OperaHouse (Electrical)
3 Apr 10 6:39
We had a legacy product that a customer returned for analysis.  It worked just fine in the test jig. I noticed it was an overseas customer running at 50 Hz.  At that frequency it just buzzed and failed to close the relay. It was a bad cap in the power supply.

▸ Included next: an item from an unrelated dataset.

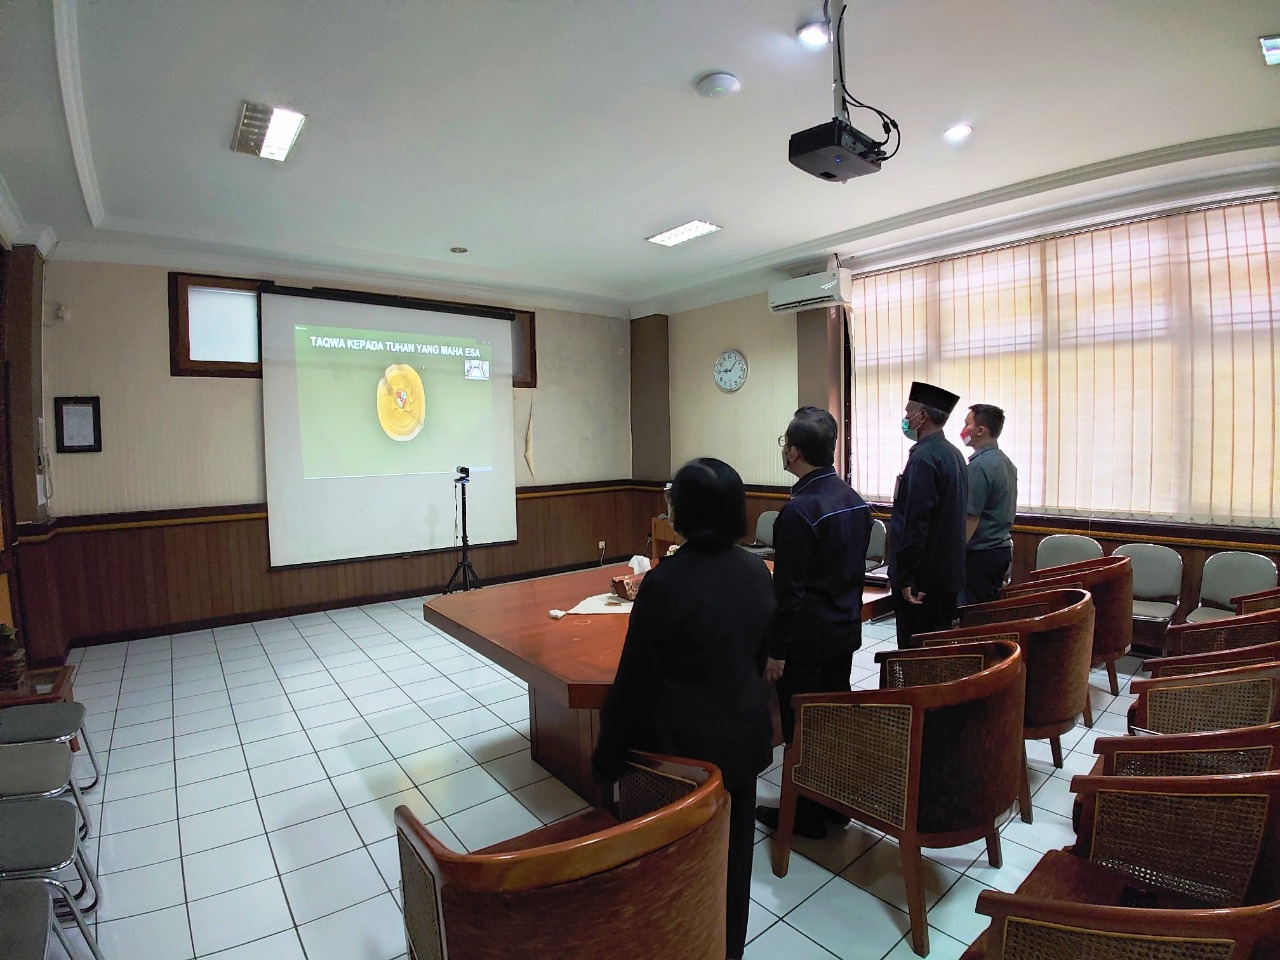 Pengadilan Negeri Yogyakarta Mengikuti Sosialisasi Aplikasi e-Berpadu

The lesson here was that at 50 Hz, the mechanical speed was faster than the pulsed supply voltage.  Some cap is needed.  A 470uF 50V Is likely large enough to solve the problem. Your transformer is likely rated 240V and is not saturating yet.  Adding a capacitor will likely solve your problems.
thekman (Electrical)
3 Apr 10 7:34
I just found out that the transformer was rated for 50/60Hz. Just out of curiosity, how would they construct a transformer so?
waross (Electrical)
3 Apr 10 9:15
A 50 Hz transformer will work on 60 Hz at the same voltage.
For example, transformer may be rated at 100V 50Hz/ 120V 60Hz, or the same transformer may be rated at 100V 50/60Hz.  

Bill
--------------------
"Why not the best?"
Jimmy Carter

OperaHouse (Electrical)
3 Apr 10 14:00
Just add a little more iron.  Of course, every manufacturer tries to be as cheap as possible. I was working at a nuclear plant and they asked me to look at the alarm system.  Half the alarm modules had failed and the plant hadn't even been fueled yet.  The modules were rated 120V 50/60 and they were running them at 50 Hz.  In the center of the cluster temps were reaching 90C. If I remember the transformers saturated at 106V and just turned into resistors. I dropped line voltage to 100V and replaced the zener with a 7808.  Not a failure after that.